NOTES TO THE CONDENSED COMBINED FINANCIAL STATEMENTS
JUNE 30, 2010



NOTE 1 – Basis of Presentation

Autotropolis, Inc. and Cyber Ventures, Inc. are privately-held Florida corporations (collectively, the “Company”).  The stockholders of each of these corporations have elected the S corporation status under the provisions of the federal and state tax code. Prior to the acquisition (see Note 7), the two corporations operated under common ownership in Tampa, Florida and shared operating staff and other administrative and operational resources.  Cyber Ventures, Inc., through proprietary content, generates and sell in-market consumer automotive purchase requests.  Autotropolis, Inc., through its Autotropolis.com website, provides new car purchase requests and related digital products directly to automotive dealers.

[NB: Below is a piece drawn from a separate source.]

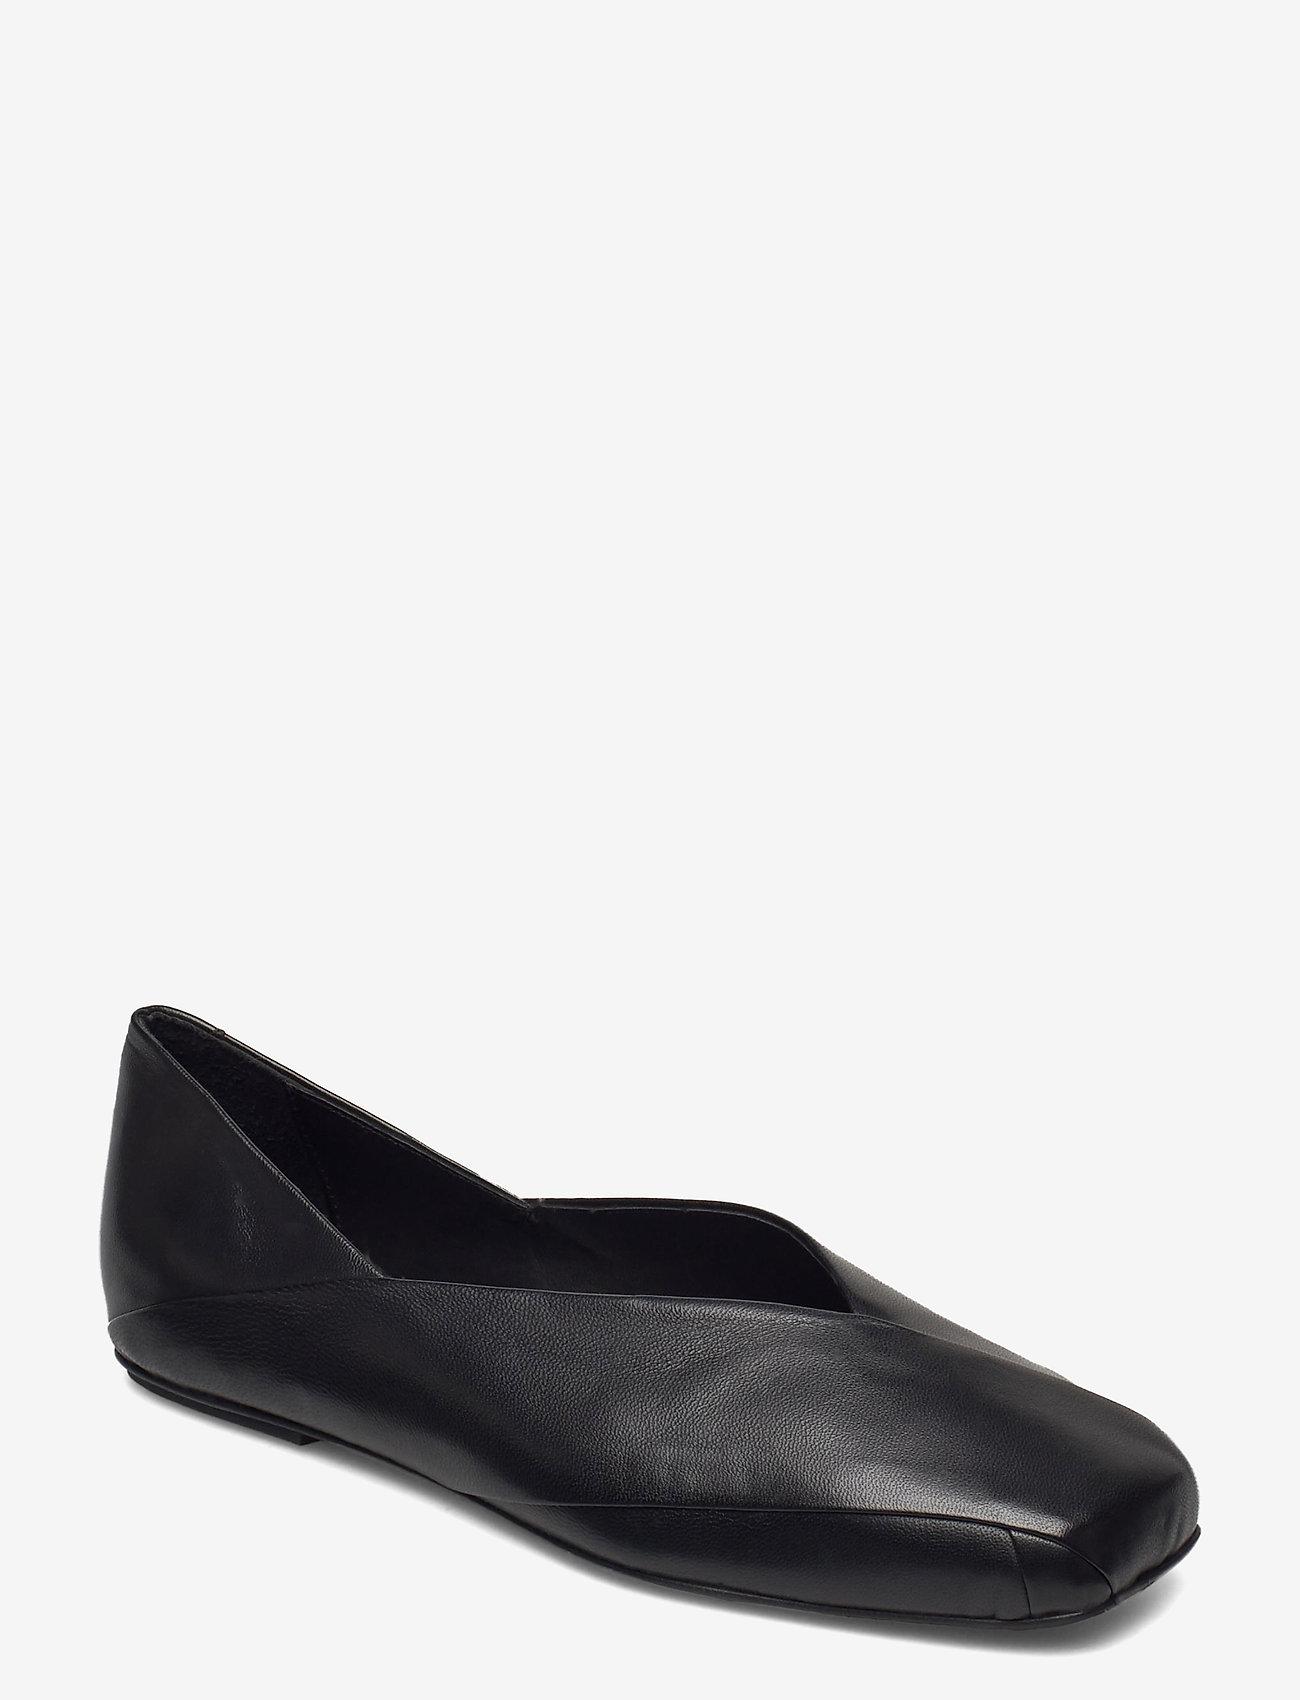 RODEBJER - RODEBJER YLENA - schoenen - black - 0

The Cyber Ventures, Inc. was incorporated in Florida in 2003 and Autotropolis, Inc. was incorporated in Florida in 2006. The principal corporate offices are located in Tampa, Florida.

Basis of Presentation

The combined condensed financial statements include the accounts of Cyber Ventures, Inc. and Autotropolis, Inc.

The Company has made its disclosures in accordance with accounting principles generally accepted in the United States as they apply to interim reporting, but condensed or omitted certain information and disclosures normally included in notes to combined financial statements.  The unaudited condensed combined financial statements should be read in conjunction with the combined financial statements and the notes thereto for the year ended December 31, 2009.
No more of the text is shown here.